As Klaus and I walk toward Rainshade Square, I shove my hands into my pockets, probably a bit too quietly. The sidewalks are littered with items dropped by people when they vanished: handbags that have since been looted, newspapers, pairs of glasses. Cars have been abandoned and haven't yet been moved by the remaining people. A few rare passersbys hurry along. And my heart aches.

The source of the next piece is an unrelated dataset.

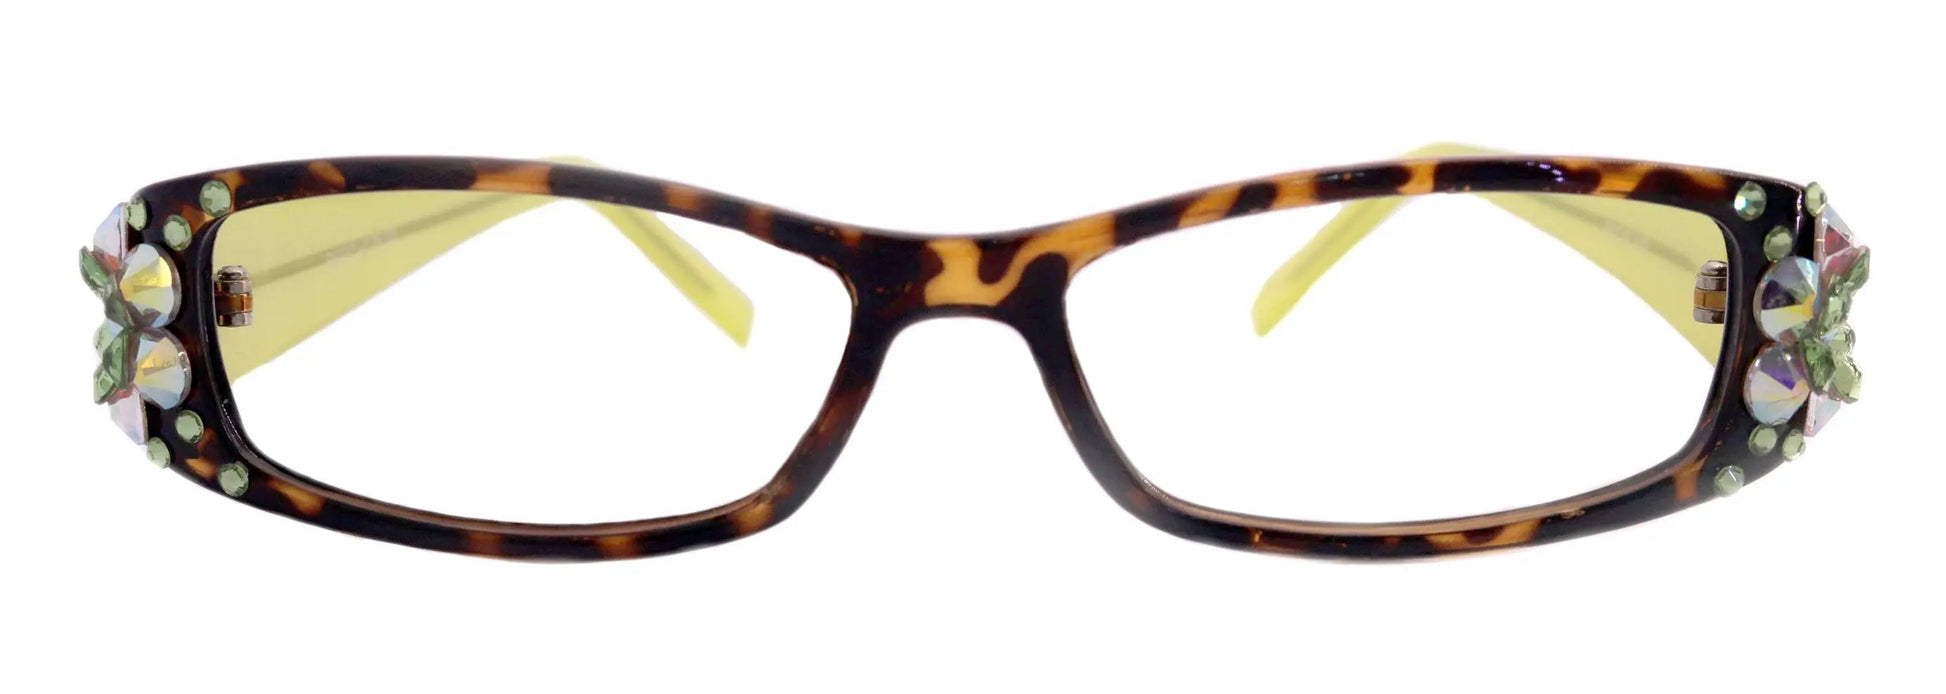 All Favorite, (Bling) Reading Glasses Women Adorned W European Crystals  (Tortoise Brown) Frame +4 +4.5 +5 +6 NY Fifth Avenue.

Granny was taken last night. Chris left the theater in a rush to check if his siblings were still at Hargreeves Mansion. We didn't have the means to do the same: our Hargreeves are always too scattered to locate easily. We can only hope they're safe at this moment.

"It's a stroke of luck you're finally not working today", Klaus whispers, trying to break some of the silence: both mine and that of the avenue, which is usually bustling with life in the late morning.
"I should have been working", I sigh in response. "You know what happened."

Rodrigo wasn't as lucky as we were. This morning, I found the hardware shop empty and locked, as was his small apartment upstairs. I feel weighed down and stunned, but at the same time, more determined than ever. Klaus quickens his pace to catch up with me. Even though my legs are much shorter than his, I have always walked more efficiently: maybe because ~I~ walk in a straight line. And now, I'm focused on our destination.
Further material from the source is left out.